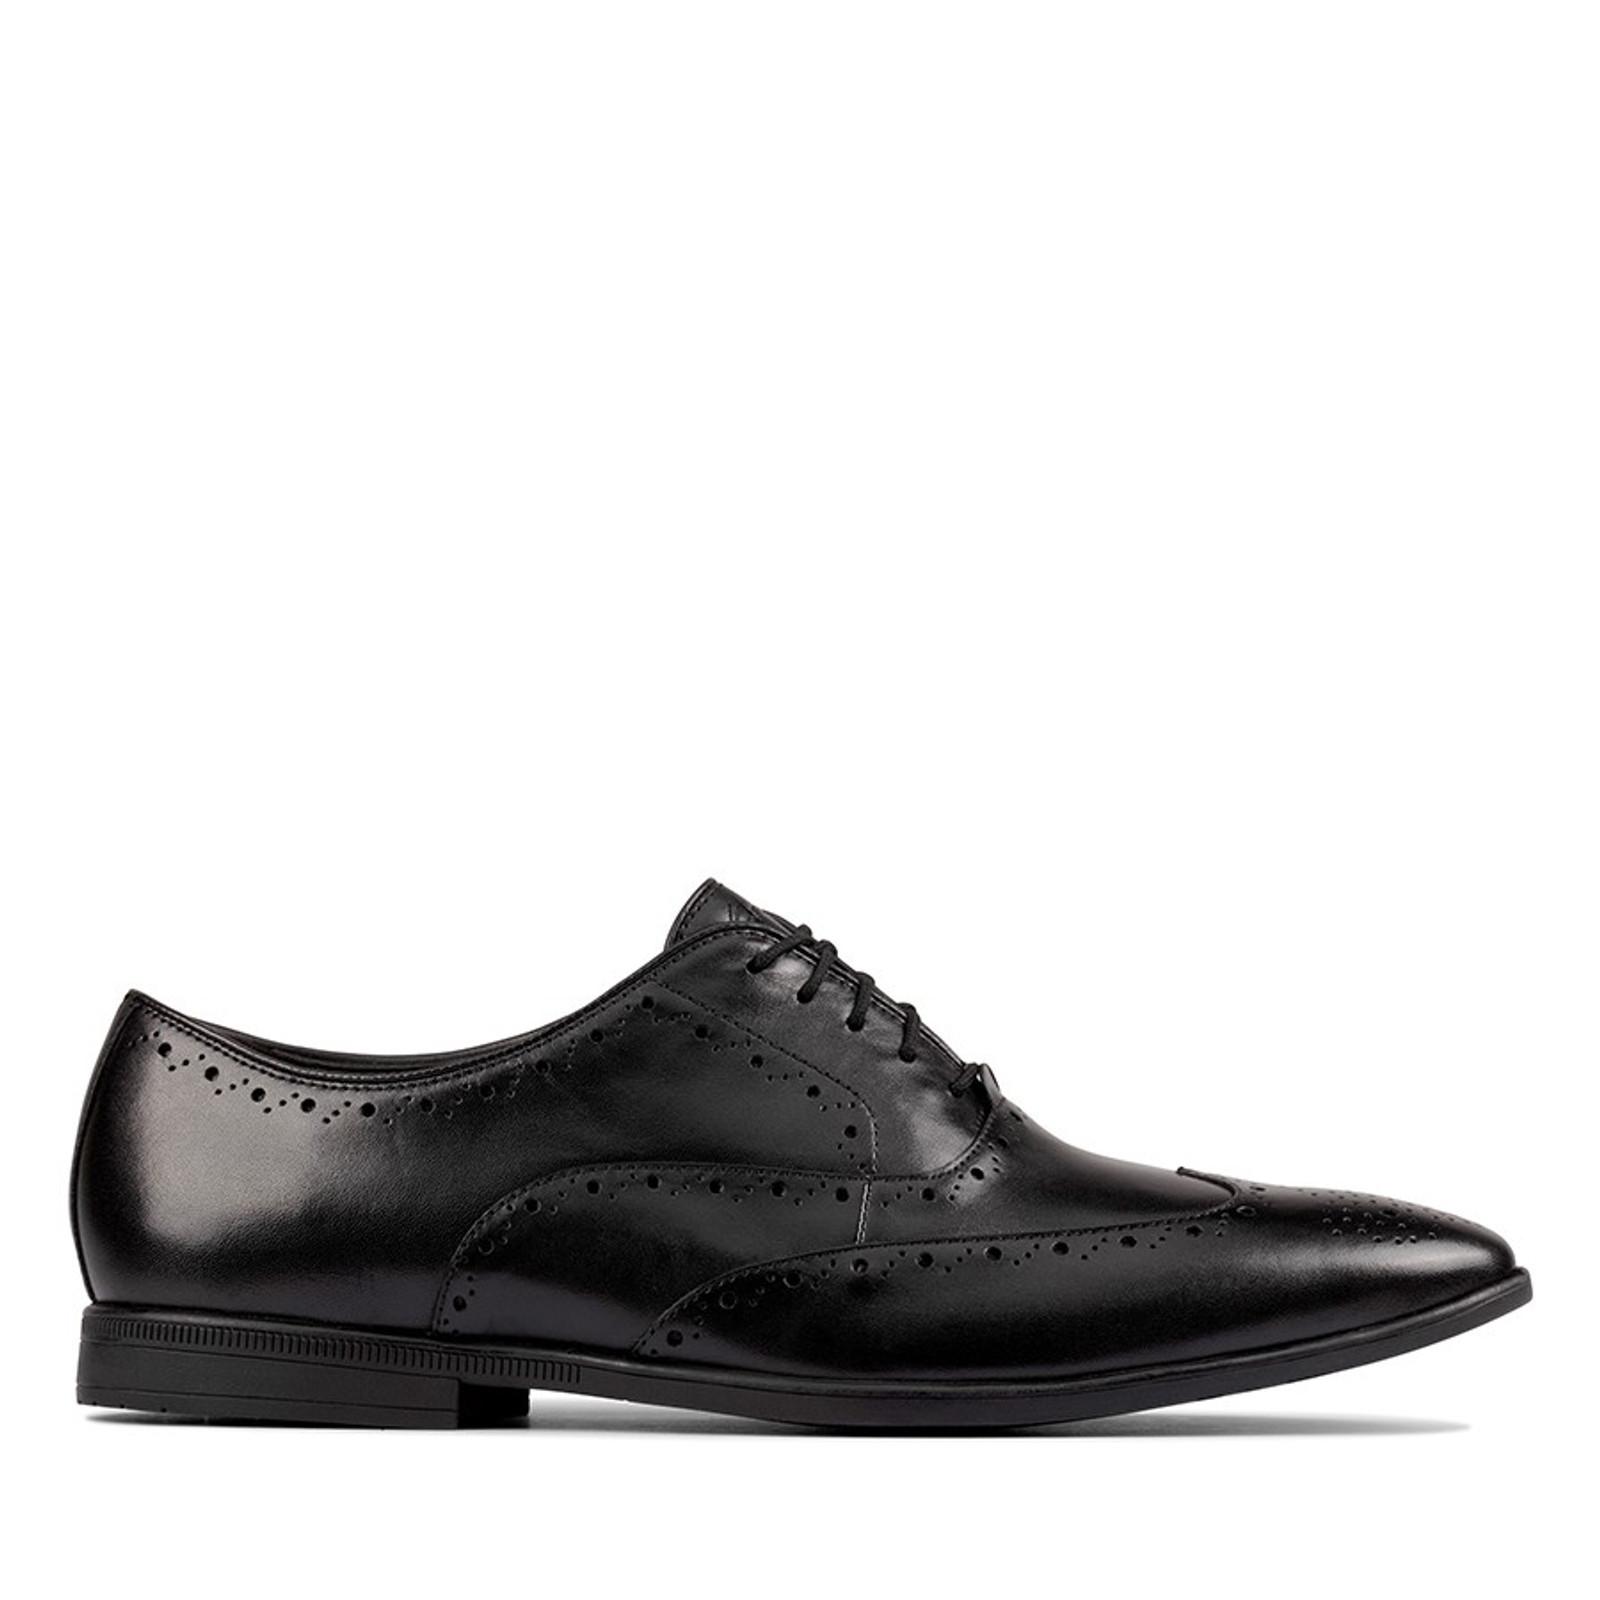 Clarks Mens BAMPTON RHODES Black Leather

--

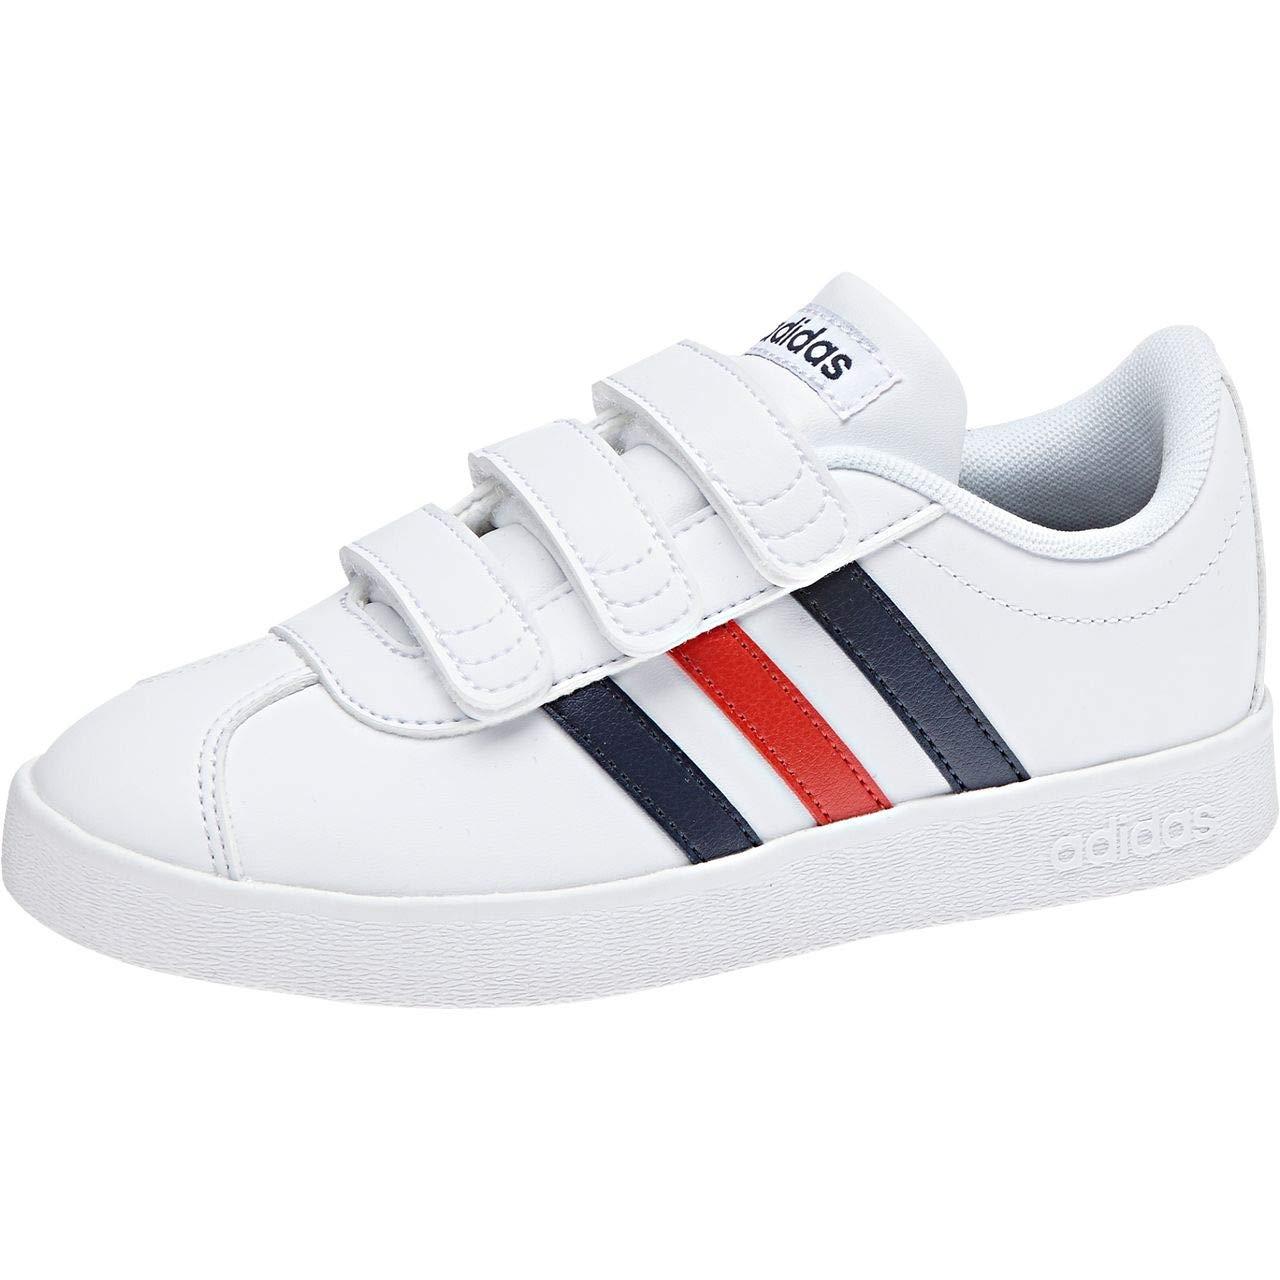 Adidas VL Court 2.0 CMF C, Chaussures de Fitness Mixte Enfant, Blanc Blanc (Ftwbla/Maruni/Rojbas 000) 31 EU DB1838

* * *

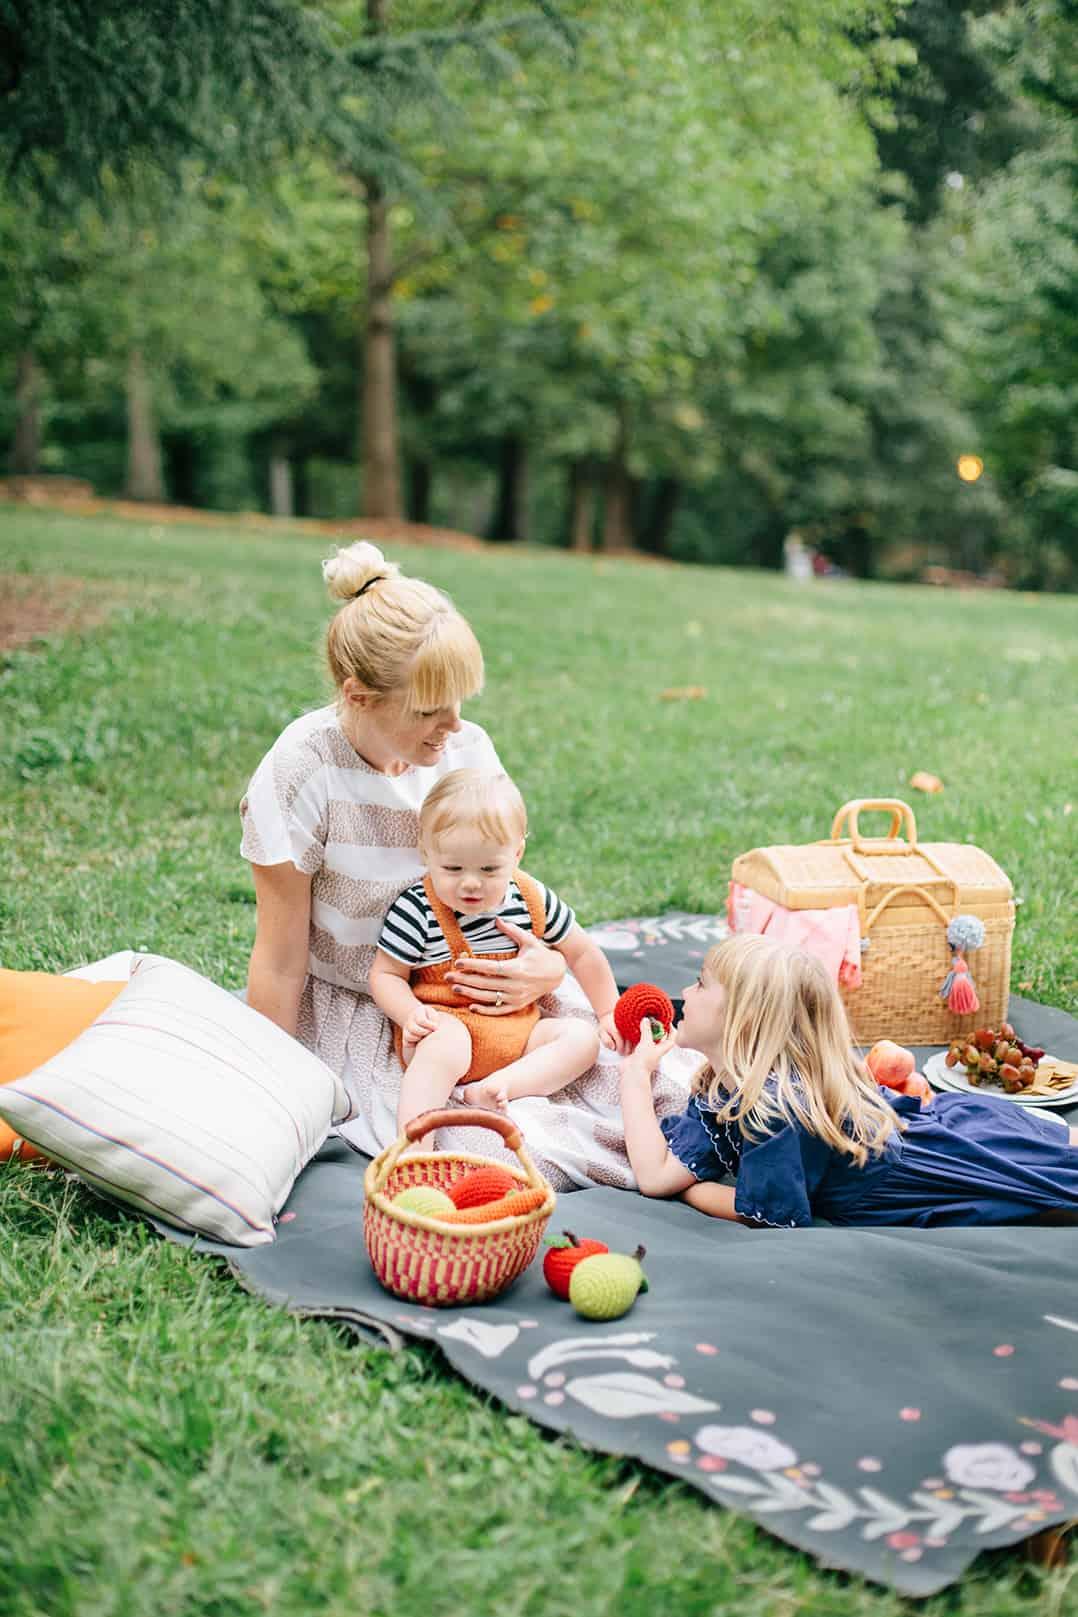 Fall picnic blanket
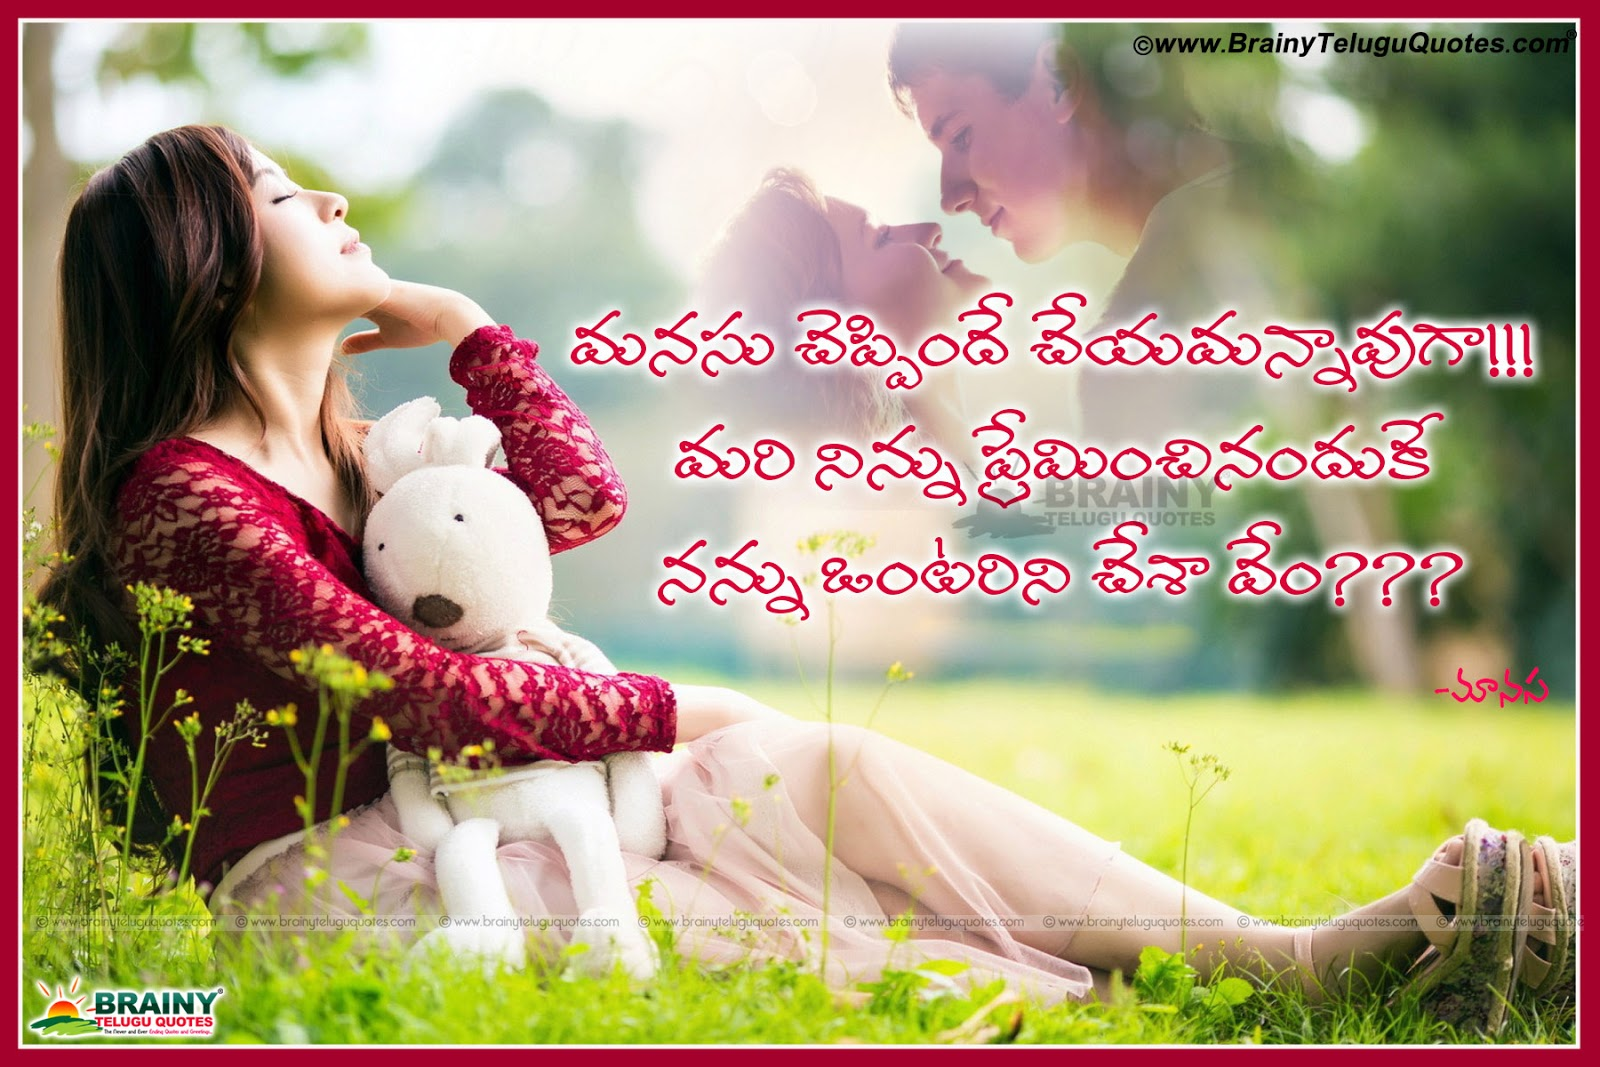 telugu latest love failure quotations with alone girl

How to complete this task |
Reproduce the lines above starting at the one with "Fall picnic blanket" and ending at the one with "telugu latest love", both included, exactly and with no pictures.

Completed exercise |
 Fall picnic blanket
 telugu latest love failure quotations with alone girl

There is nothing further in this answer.